After raising award redemption rates to Europe using MileagePlus miles, United Airlines has now raised prices for redemptions to all regions around the world, in some cases raising prices without notice by over 57%. It’s the latest sunset on the value of the MileagePlus program.
United Airlines MileagePlus 2023 Devaluation Spreads Worldwide
In short, after United raised the redemption rates for European awards last month, prices have now risen–dramatically in some cases–for travel to other regions. This impacts not only business class travel, but travel in premium economy and economy class as well, where we have seen some of the greatest increases in price.
I’ll illustrate with a few examples:
- To Australia, economy class on United jumped from 40K to 55K one-way in economy and from 80K to 100K in business class
- To Japan, partner award travel in business class jumped from 88K to 110K one-way and from as little as 38.5K to 60.5K in economy class.
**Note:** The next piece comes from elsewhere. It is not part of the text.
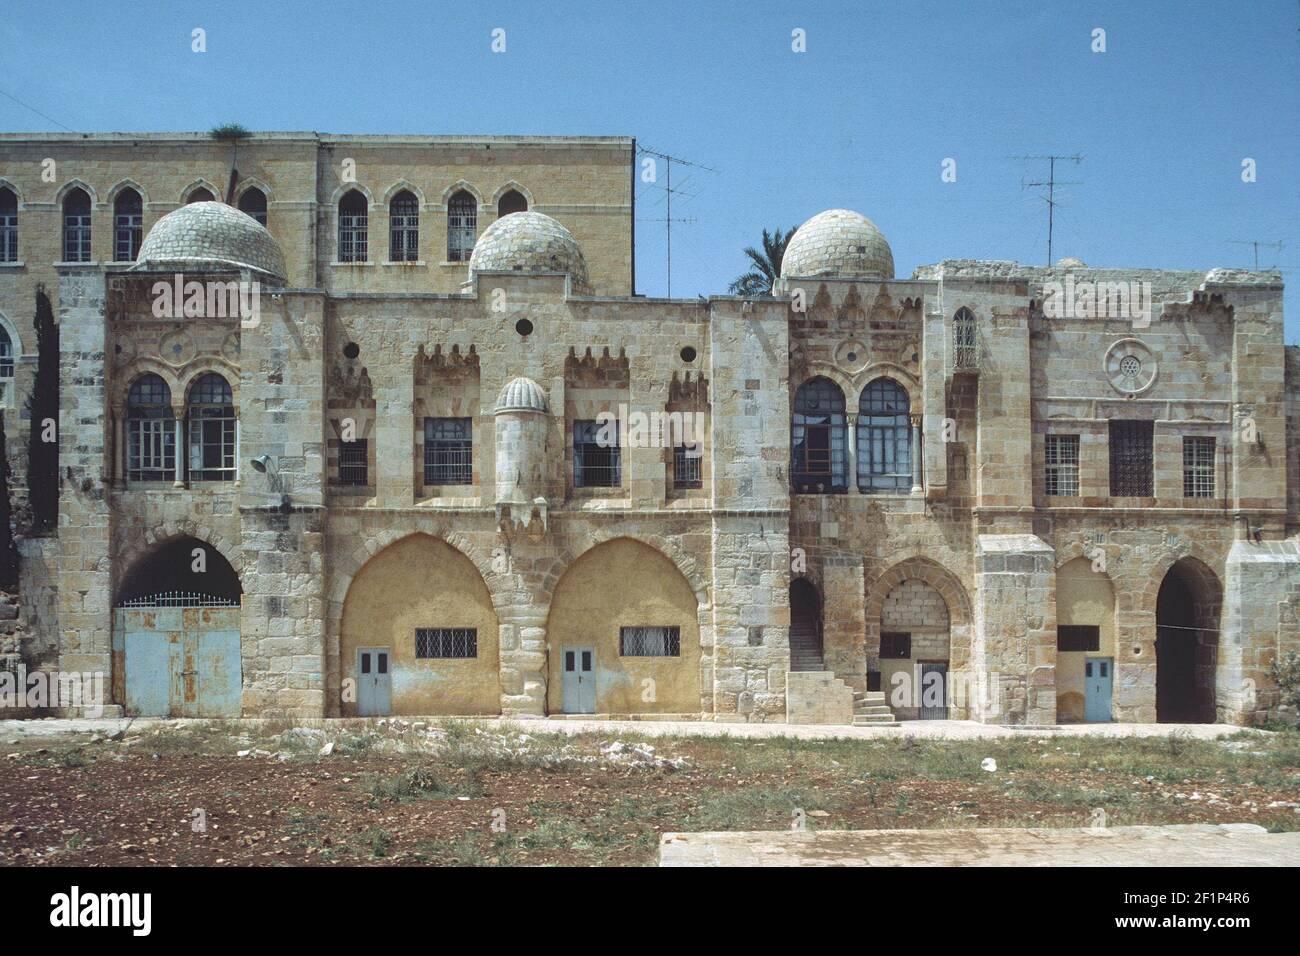 Madrasa al-is'ardiyya, Haram al-Sharif, Jerusalén, Palestina Foto de stock

On United, economy class rose from 35K to 55K and business class from 70K to 110K each way
- All Asia now appears to be priced in this way – there are no more zones within Asia like Japan, North Asia, and South Asia
- To Africa, partner flights now start at 49.5K one-way in economy class and 88K in business class
- To South America, flights now start at 49.5K one-way in economy class and 88K in business class
In other words, prices have shot up for travel to all other regions of the world: no region has been spared for travel that touches North America.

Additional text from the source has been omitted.